◆ Exercise details ◆
Copy exactly every line below, from the first through the one that contains "DeSantis joined the", and skip all pictures.

◆ Available data ◆
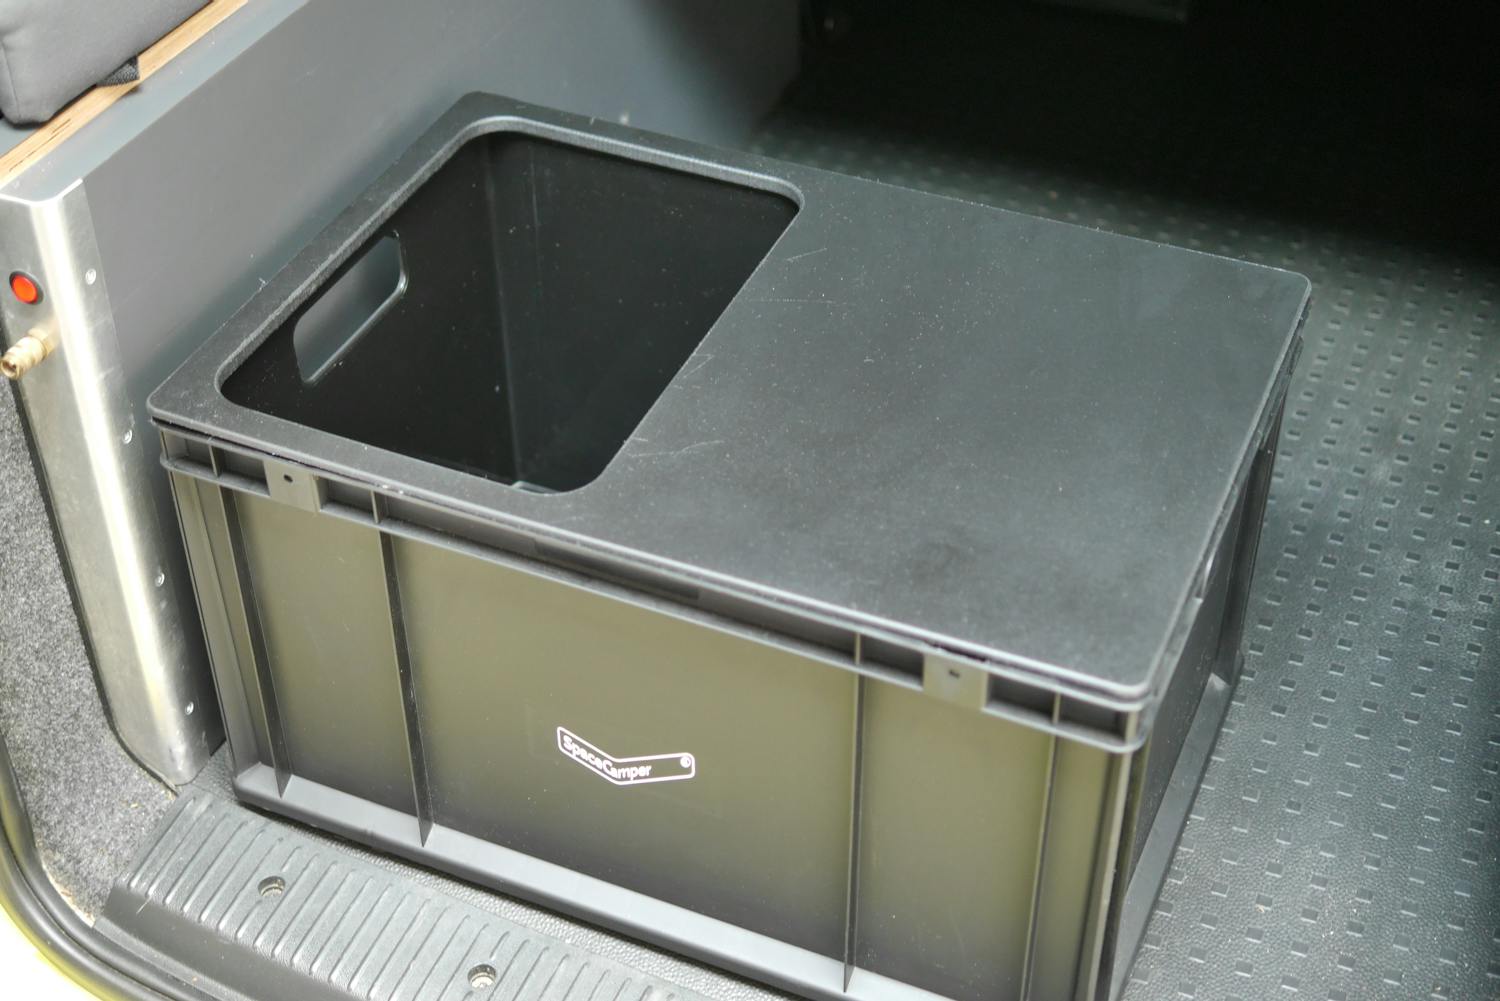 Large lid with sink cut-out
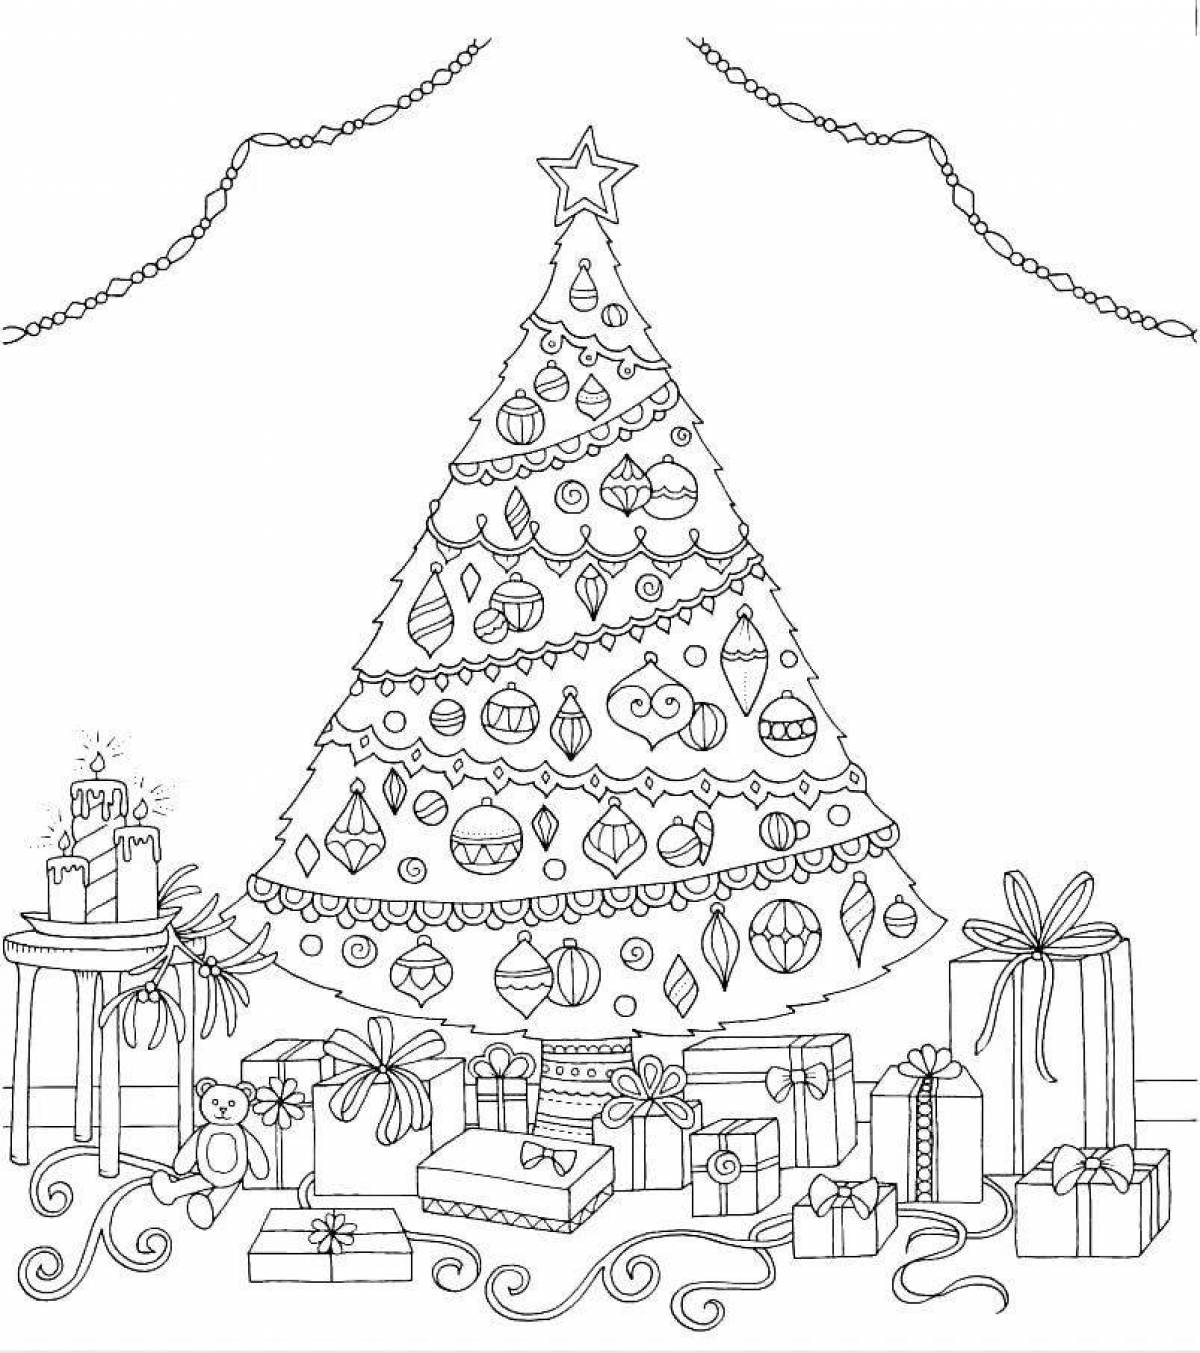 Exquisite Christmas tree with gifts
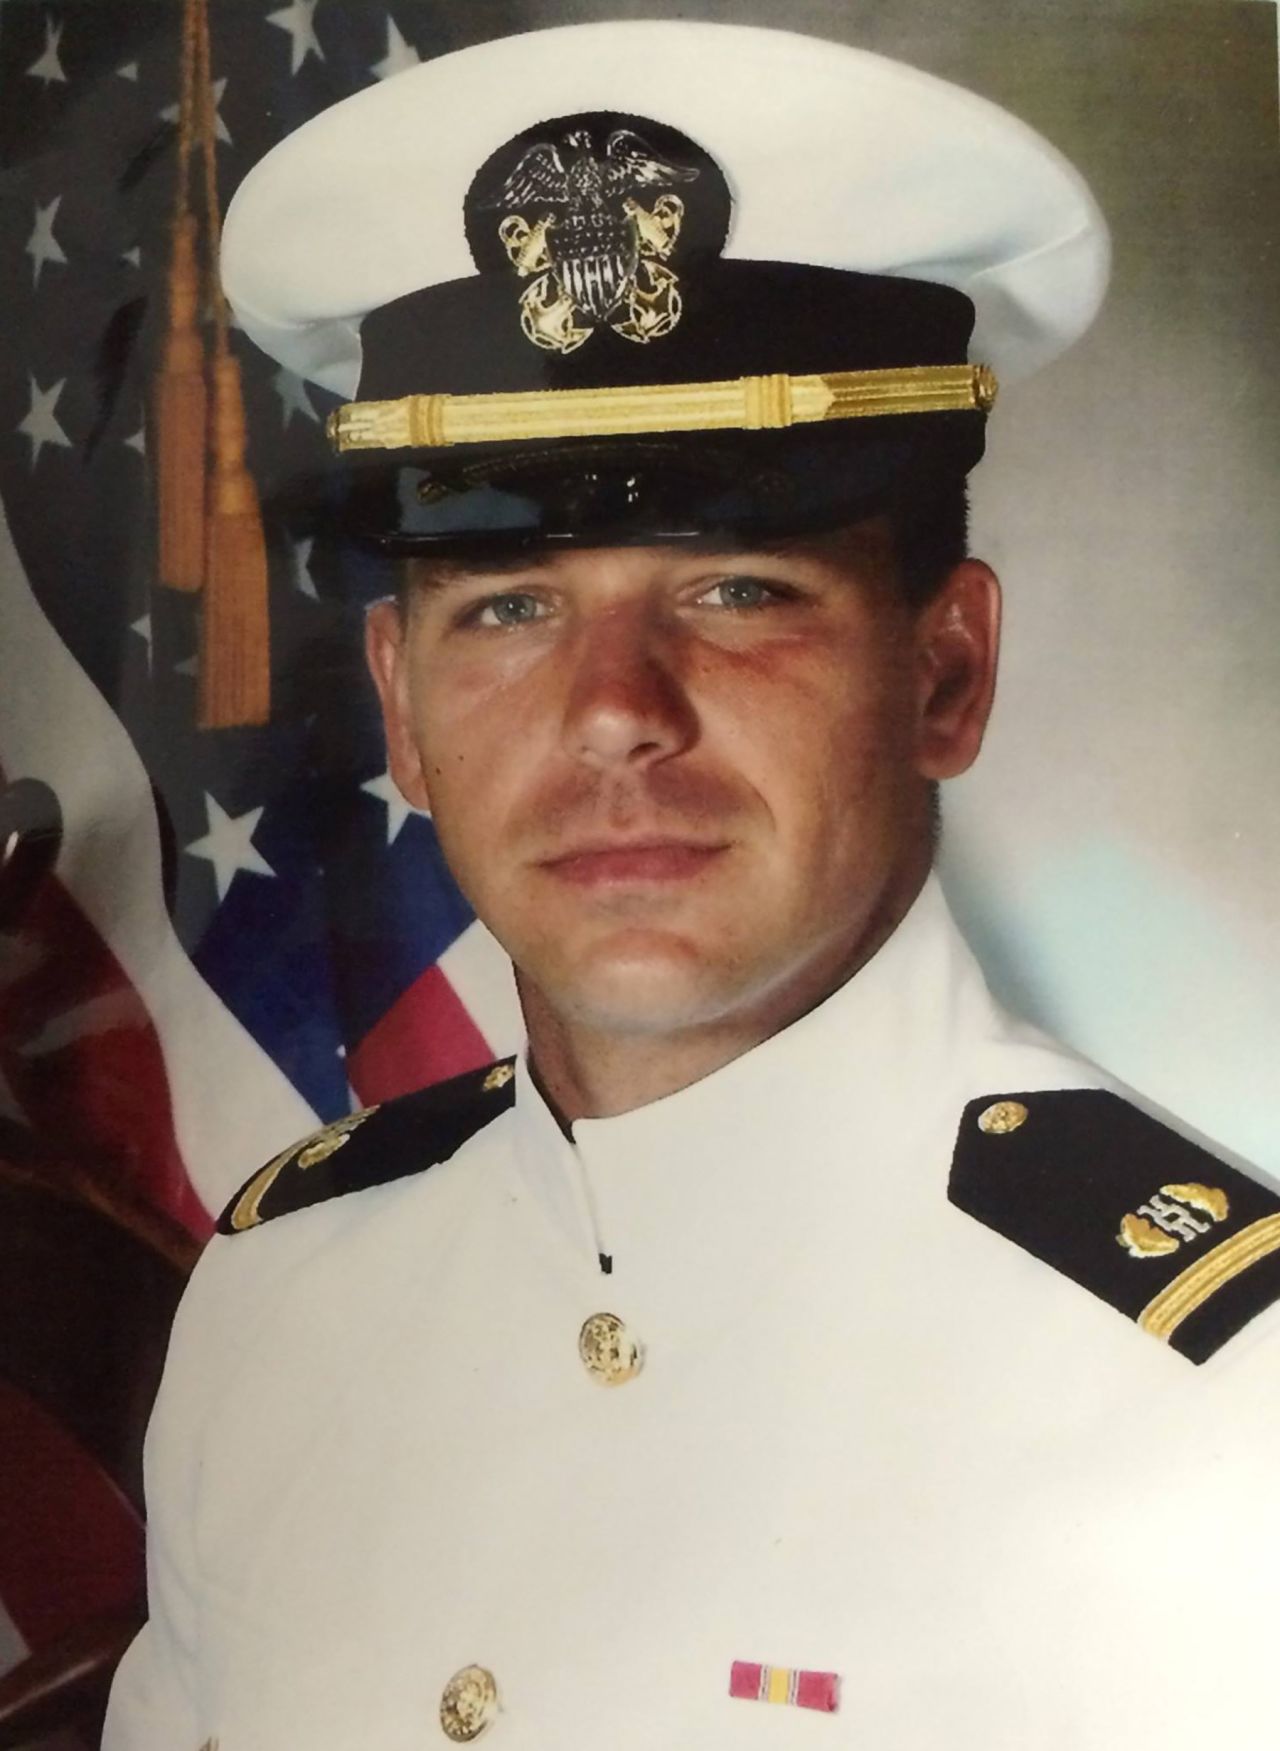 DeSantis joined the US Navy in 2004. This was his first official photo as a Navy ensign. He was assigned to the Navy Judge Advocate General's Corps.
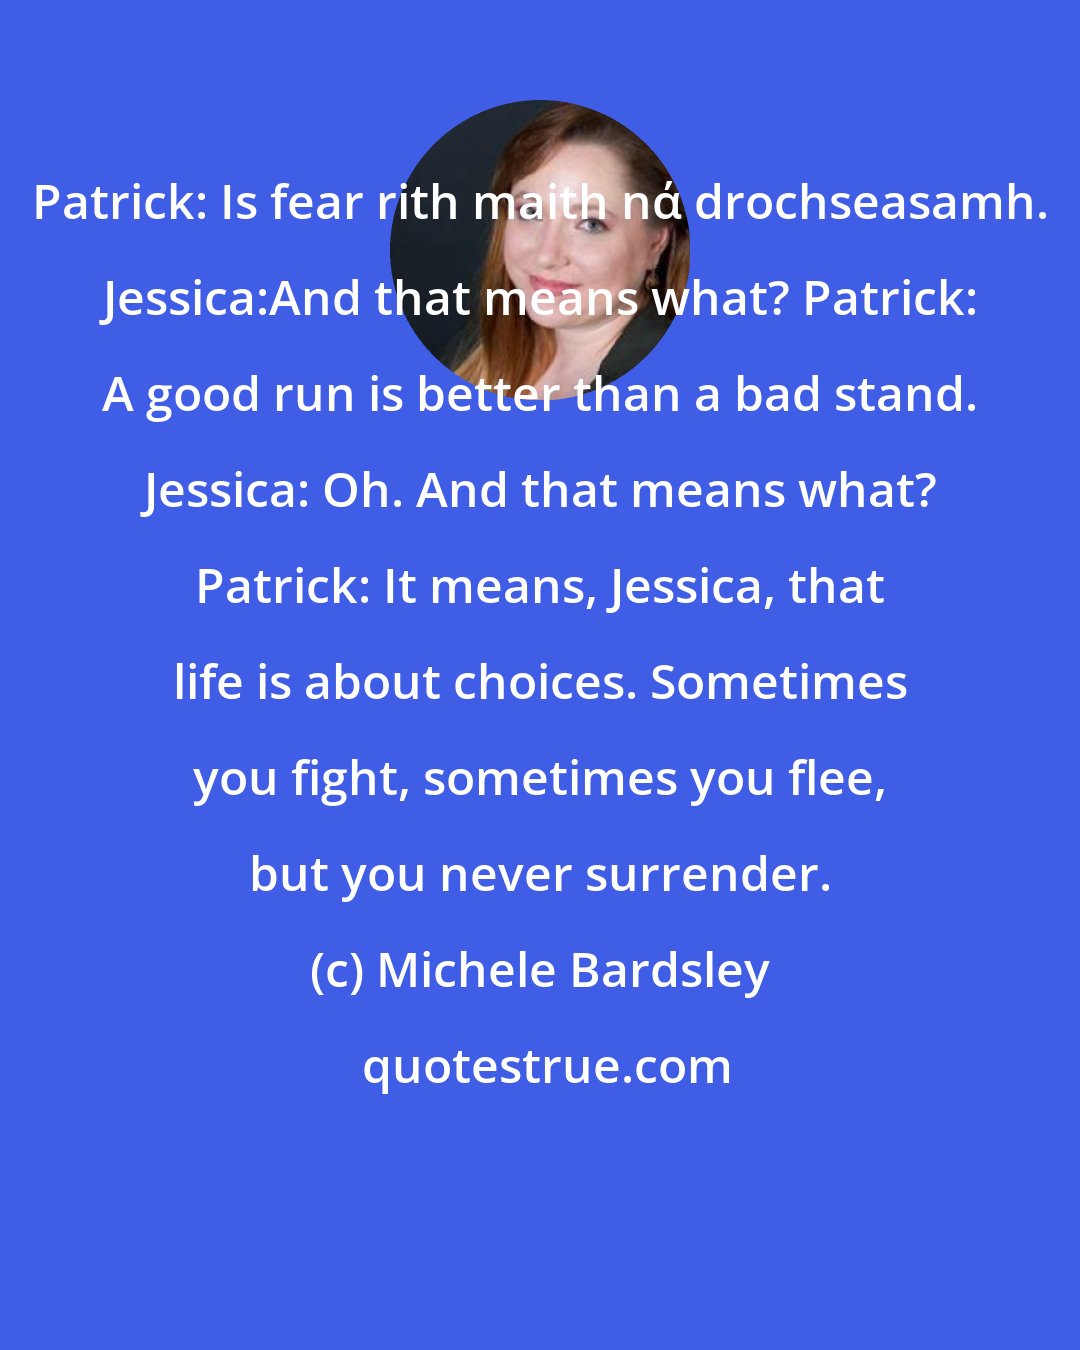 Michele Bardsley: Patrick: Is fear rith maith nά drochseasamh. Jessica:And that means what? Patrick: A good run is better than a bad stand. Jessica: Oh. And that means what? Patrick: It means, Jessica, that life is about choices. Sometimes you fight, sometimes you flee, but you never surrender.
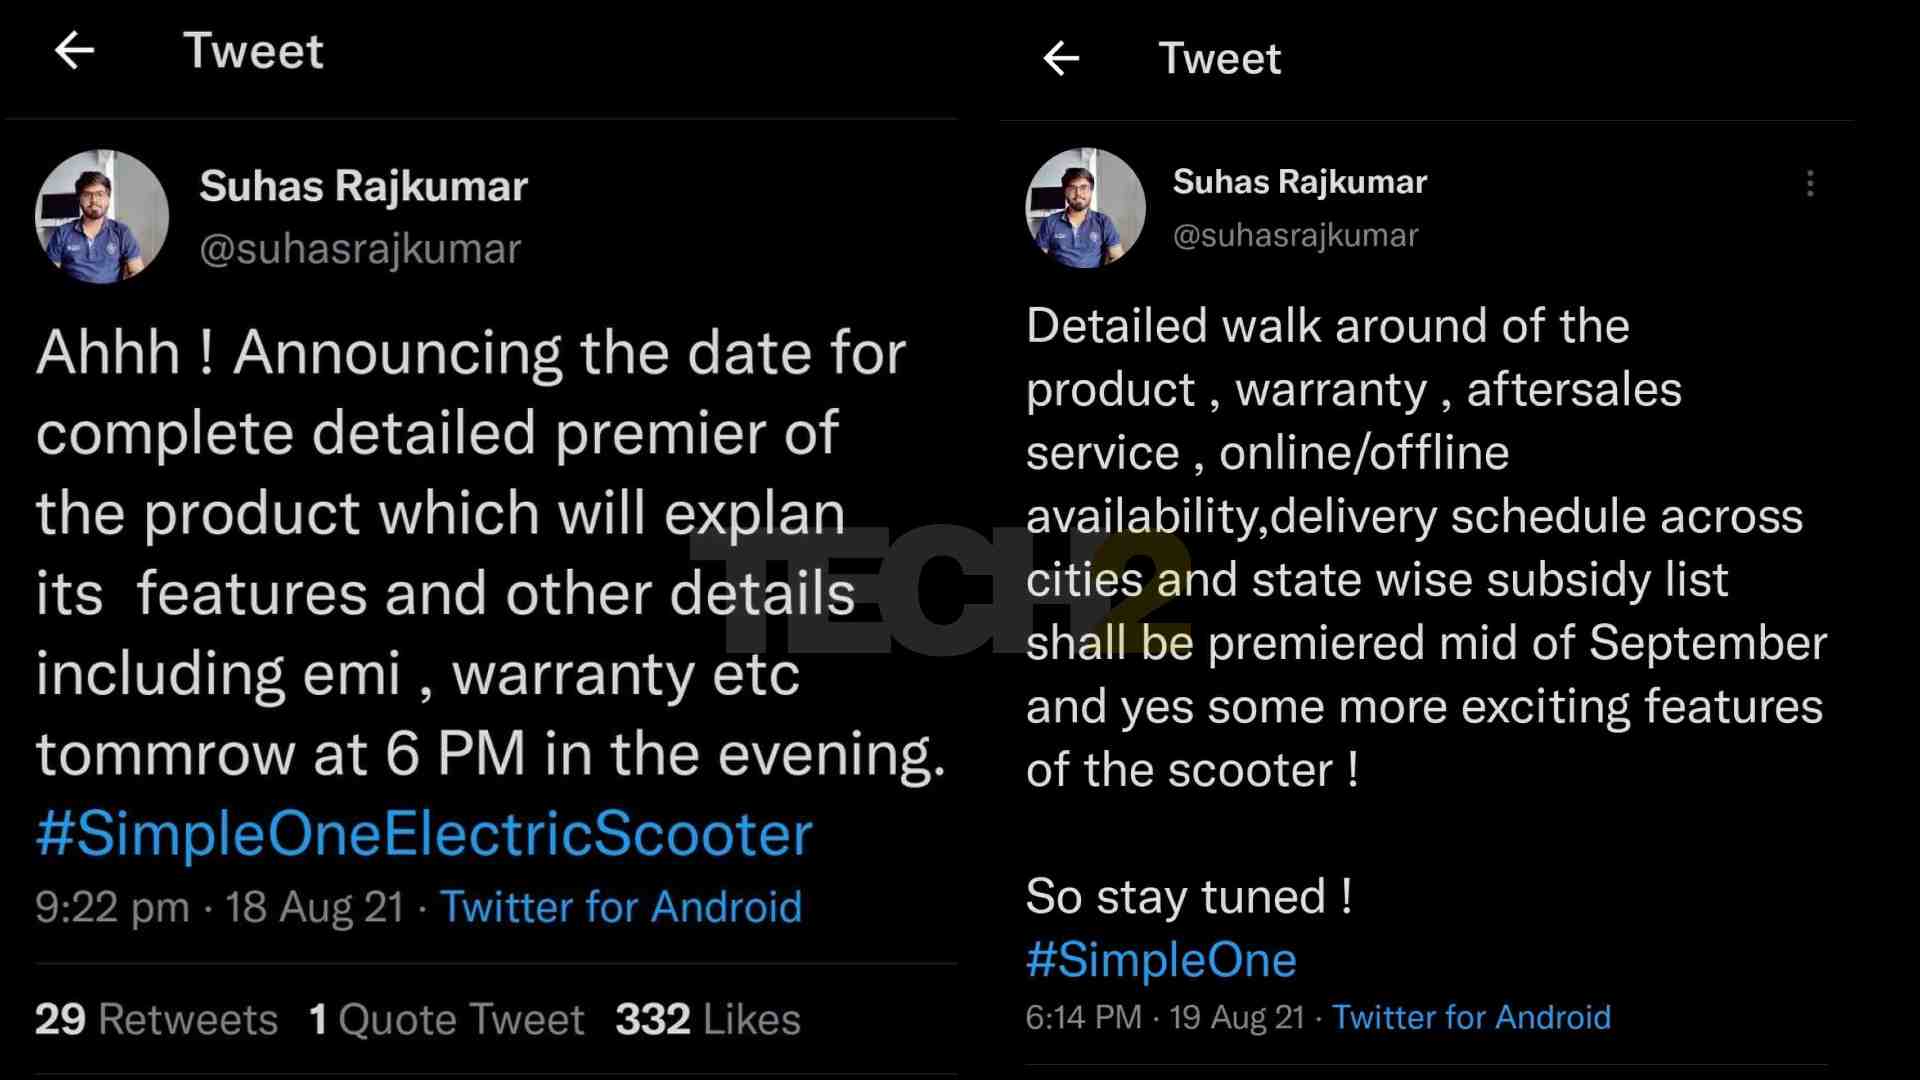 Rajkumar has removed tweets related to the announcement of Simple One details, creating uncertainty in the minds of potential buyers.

◆ Task response ◆
 Large lid with sink cut-out
 Exquisite Christmas tree with gifts
 DeSantis joined the US Navy in 2004. This was his first official photo as a Navy ensign. He was assigned to the Navy Judge Advocate General's Corps.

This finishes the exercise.